All Products
Search
Document Center

Intelligent Speech Interaction:Timestamp feature

Last Updated:Sep 09, 2020

The speech synthesis service generates a timestamp, which indicates the time point on an audio stream, for each word in a sentence. The timestamp feature of speech synthesis is also named phoneme boundary detection for each word. The timestamp can be used for the virtual speakers and video subtitles.

Notice

This feature can be used only for speakers that support phoneme boundary detection for each word.

Request parameters

To enable the timestamp feature, set the request parameter enable_subtitle to true when you initiate a request on the client.

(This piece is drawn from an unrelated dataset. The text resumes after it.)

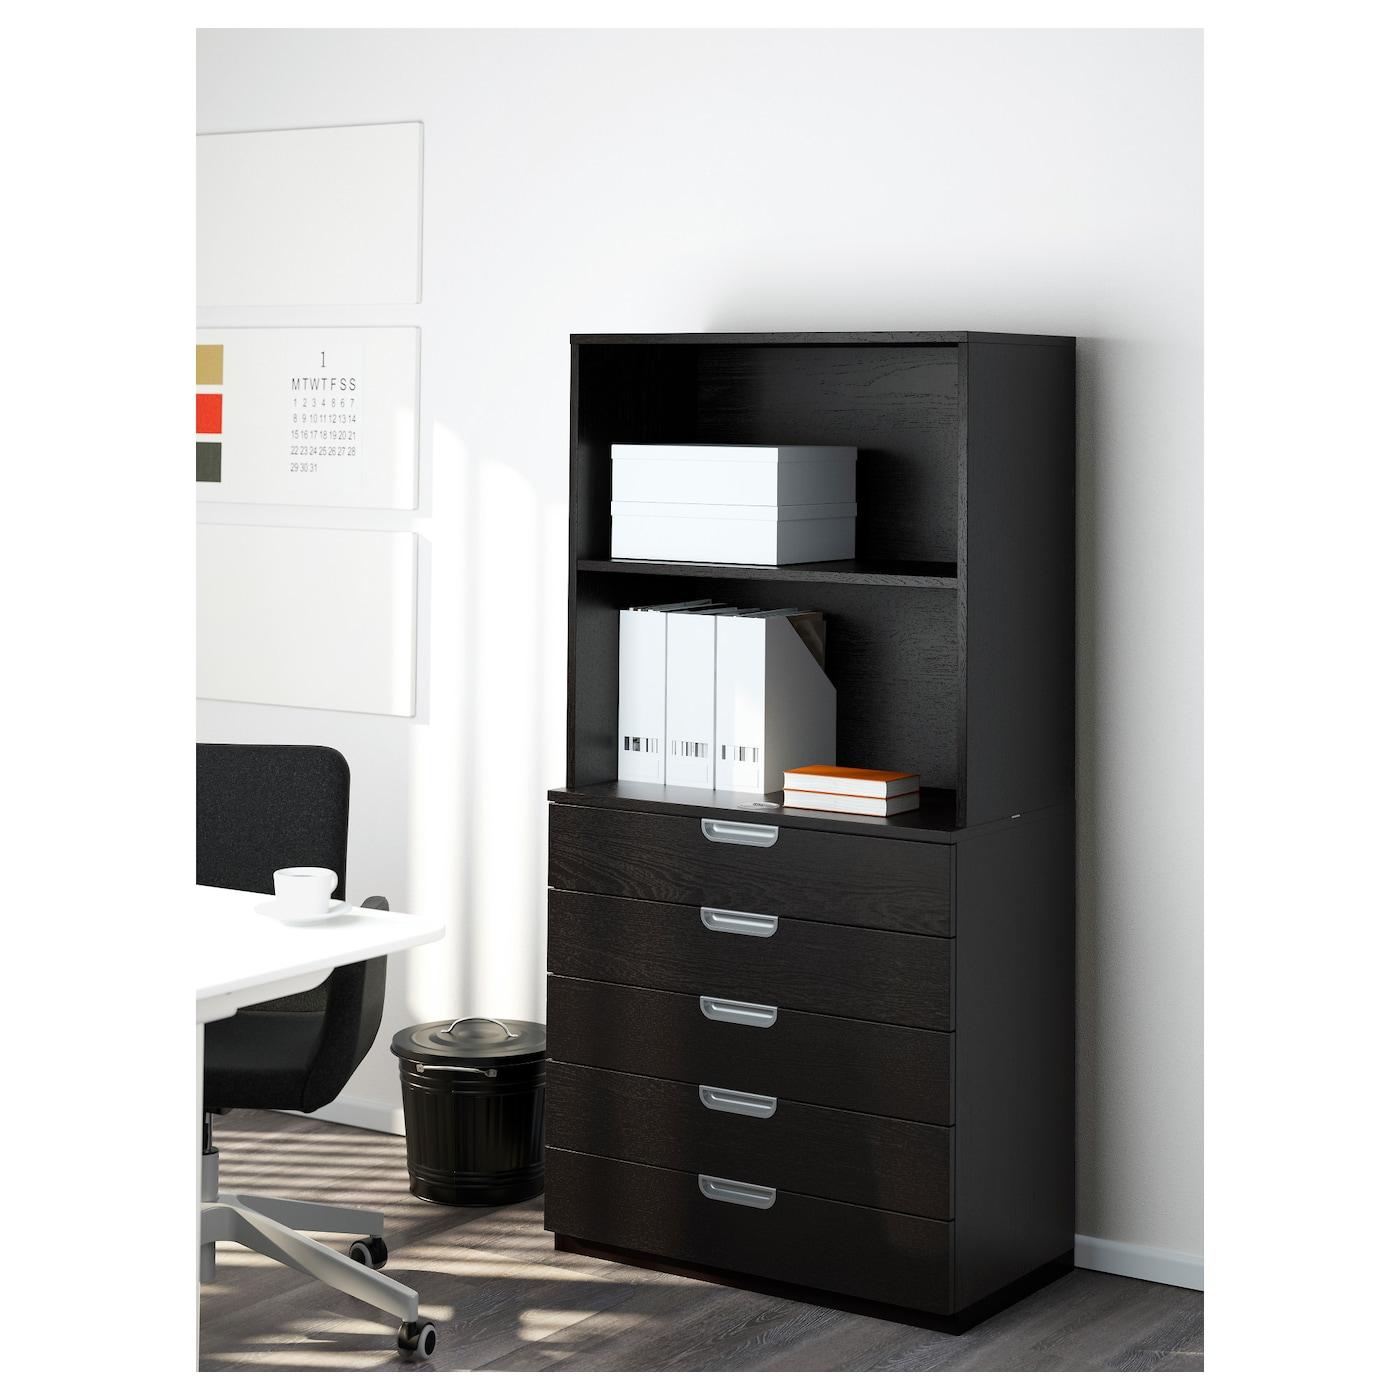 Galant combinaison rangement tiroirs brun noir 80x160 cm for Rangement bureau noir

Assume that you are using the SDK for Java. You can use the following configuration:

// Specify whether to enable the timestamp feature to return the corresponding timestamps of the text to be sent. By default, this feature is not enabled.  
synthesizer.addCustomedParam("enable_subtitle", true);

Server response

If you set the enable_subtitle parameter to true in a request, the server returns a MetaInfo event that contains the timestamps corresponding to the text that is sent.

Parameter

Type

Description

subtitles

List

The information about the timestamps.

The following table describes the parameters contained in subtitles.

Parameter

Type

Description

text

String

The word in the text that is sent.

begin_time

Integer

The start timestamp of the word in the synthesized audio data, in milliseconds.

end_time

Integer

The end timestamp of the word in the synthesized audio data, in milliseconds.

Sample output

{
    "header": {
        "message_id": "05450bf69c53413f8d88aed1ee60****",
        "task_id": "640bc797bb684bd6960185651307****",
        "namespace": "SpeechSynthesizer",
        "name": "MetaInfo",
        "status": 20000000,
        "status_message": "GATEWAY|SUCCESS|Success."
    },
    "payload": {
        "subtitles": [
            {
                "text": "xx",
                "begin_time": 130,
                "end_time": 260
            },
            {
                "text": "xx",
                "begin_time": 260,
                "end_time": 370
            }
        ]
    }
}

Note

  • The speech synthesis service returns subtitles based on how the original text is read. Therefore, you cannot use the video subtitles generated by the timestamp feature as subtitles on the screen. Instead, you must use the original text.

  • If you use this feature to generate video subtitles, you can obtain the start and end timestamps of each sentence based on the returned response.